The first USB-C iPhone isn’t made by Apple

At some point in the future, Apple’s iPhone may be dragged, kicking and screaming, into joining the rest of the world in using USB-C for charging by changes in the law. But while legislators carry on moving at their glacial pace, one enterprising young student has shown Apple that the whole process needn’t be that painful.

Robotics engineering student Ken Pillonel has given a merifully out-of-warranty iPhone X the ultimate upgrade: a USB-C port that can be used for both charging and data transfer.

The exact ‘hows’ aren’t actually answered in the video, and if your question is actually of the ‘why’ variety then you’re probably on the wrong YouTube channel. But judging by the preview of a full explainer video that Pillonel is currently editing, it looks like only the most dedicated and steady handed need apply.

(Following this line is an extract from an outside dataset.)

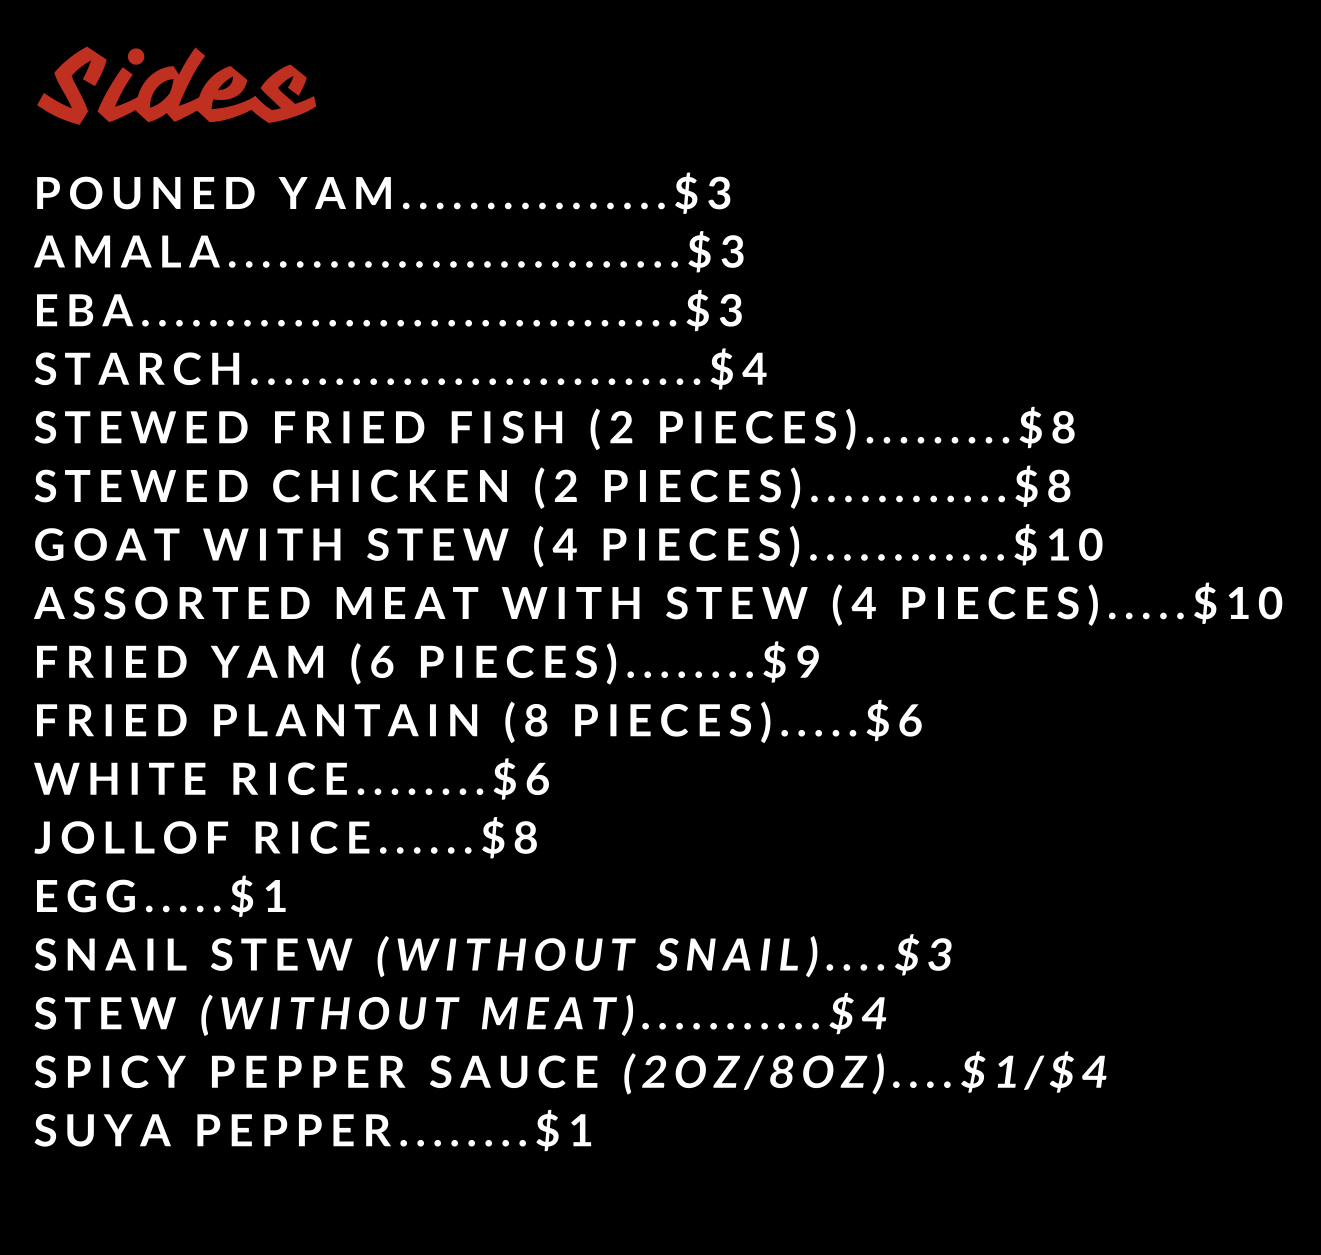 sides menu

What we can assume, judging from an earlier blog post outlining Pillonel’s planned steps, is that the process involved reverse engineering Apple’s custom C94 connector and creating a flexible PCB design which somehow fits inside the iPhone’s meticulously lined up internals. Which is no mean feat considering how bulky an early prototype looked — suffice it to say, said early design wouldn’t fit inside a Nokia 3310, let alone a 2010s smartphone. 

It’s likely to be an extremely fiddly process, in other words. And considering Pillonel is in the process of working on a master’s degree in robotics at the Swiss Federal Institute of Technology, EPFL, it could be well beyond the capability of regular mortals without the right tools. You probably don’t want to attempt it with an electric drill and a tube of Uhu glue.

If you do attempt it and it goes horribly wrong, don’t even think about going running to Apple for help. Because they most certainly won’t — unless by “help” you mean sell you an iPhone 13 instead.